This huge attraction sits next to the trail. One of many massive old growth fir trees that were logged in the 1880’s. This stump remained. It eventually rotted enough to allow hemlock seedlings to take root on top, sending their adventurous roots down along the stump and into the ground. The stump will eventually rot and these trees will fall over, but probably not in our lifetime. NOTE: Thank y’all who have been filling their pandemic days reading my Amazon Kindle freebees: ‘Murder On the PCT’, ‘Just Marry Me!’ and ‘Man from Mt. Fuji’.
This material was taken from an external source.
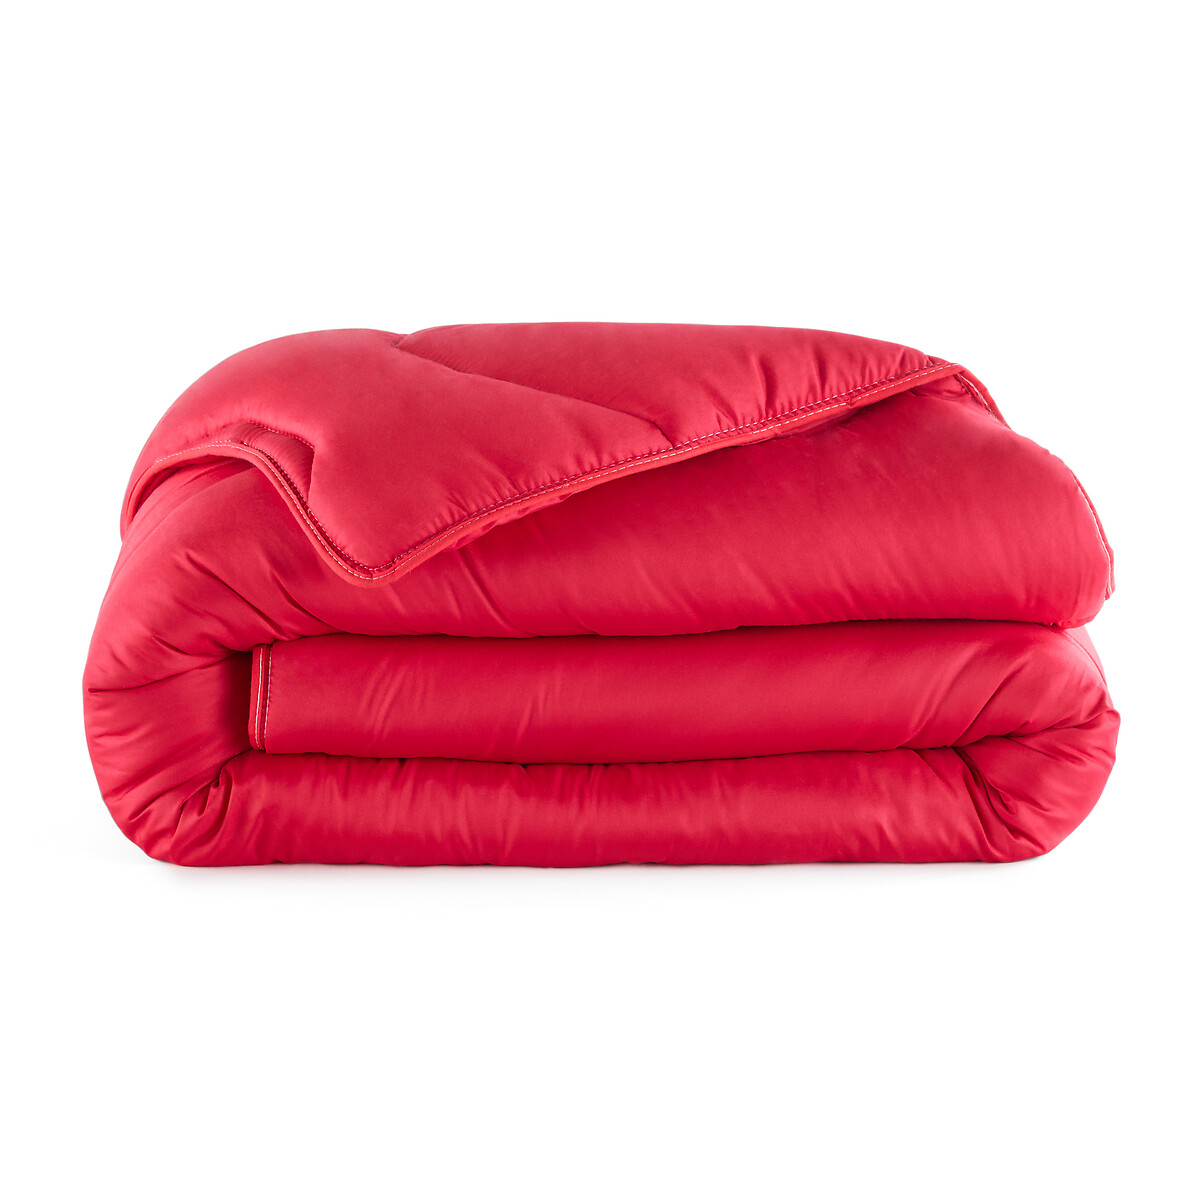 Одеяло La Redoute COLOR  полиэстера  гм 260 x 240 см красный, размер 260 x 240 см - фото 2
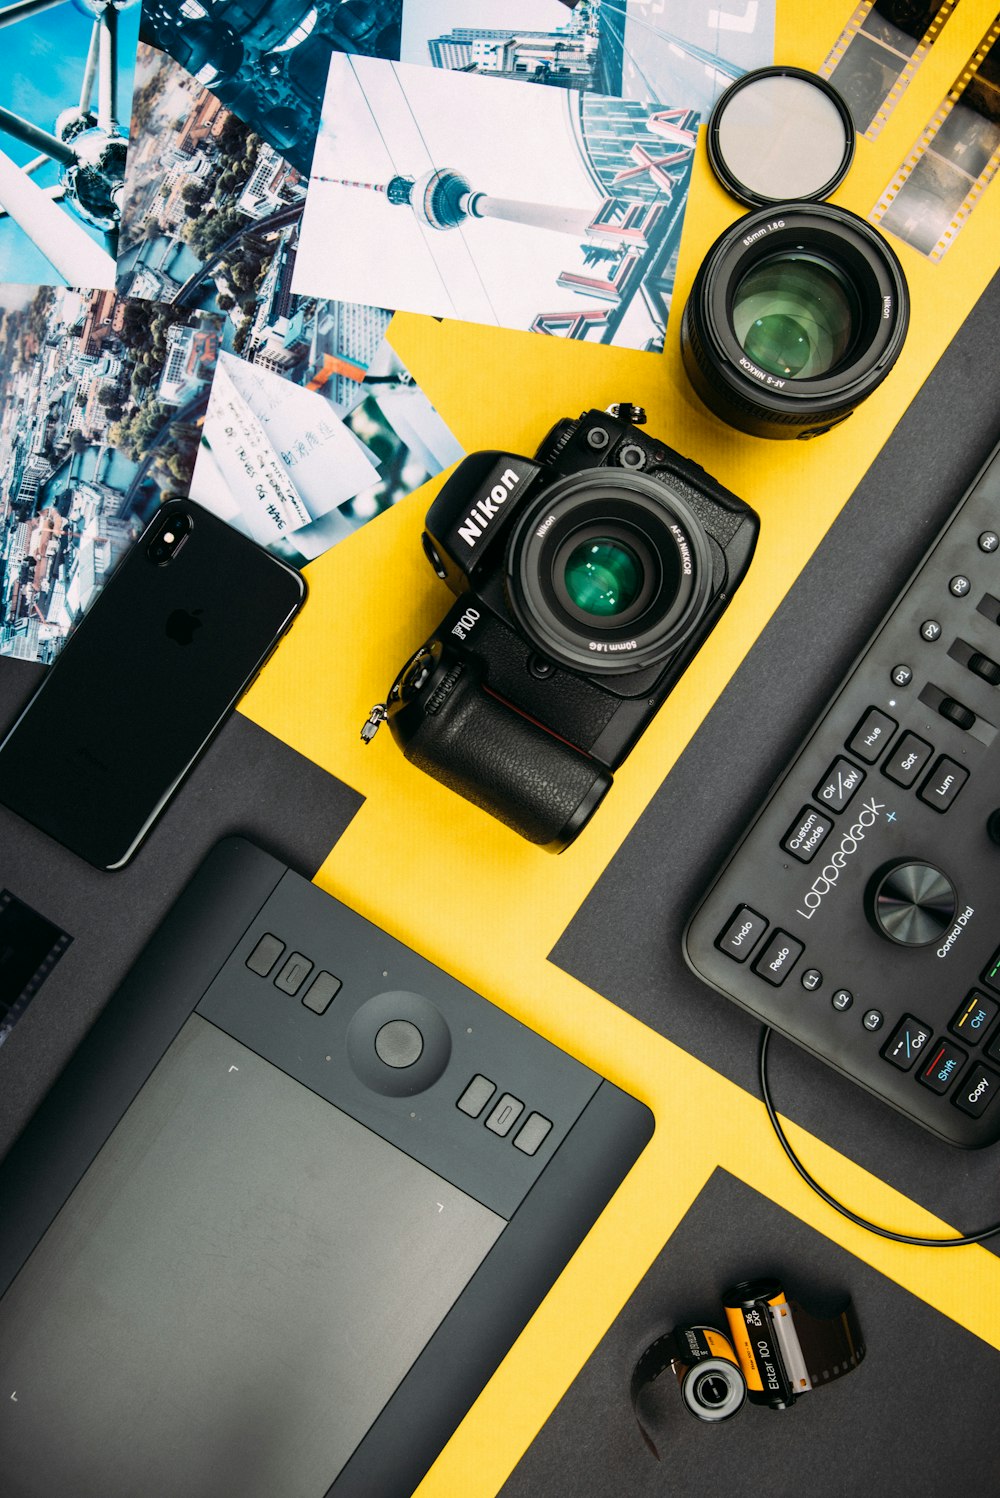 fotocamera reflex digitale Nikon nera accanto all'iPhone X grigio siderale

This hike embodies all superlatives, nothing less: Deepest, clearest lake, Crater Lake is the bluest and deepest in the nation. Deepest point 1943-ft. Mount Scott is the highest point @ 8929-ft. summit within the 286 sq. miles of Crater Lake National Park (which is 5th oldest Nat’l Park). According to my climbing partner, Steve, –scientist-turned volcanologist– ‘Mt.Scott is a parasitic or a satellite cone of what once was (7700 years ago) Mount Mazama, that erupted violently, (terrifying the mystified Klamath people and other tribes), emptying the magma chamber causing the original 12-thousand foot high Mt. Mazama to collapse into the chamber, forming a huge caldera. Hard evidence that many tribe people perished in the eruption? Archaeologists uncovered 75 sagebrush sandals from a cave buried beneath a layer of Mt. Mazama’s ash. Fast forward, over many centuries the caldera filled to become the bluest Crater Lake. Now the real accurate geological bit: Mt. Scott, (5-mile round trip hike with mind blowing views of Mt. Thielsen (yesterday’s torturous climb-the cowhorn!), Klamath Basin+all of Eastern Cascades) is merely one of several ‘andesitic’ cones, i.e. an extrusive igneous volcanic rock extrusions and rhyolite+silicon dioxide. THERE! Smaller cones can still be seen in the area in and around the Park. Crater Lake in the foreground, then East Rim with Mt. Scott in the background.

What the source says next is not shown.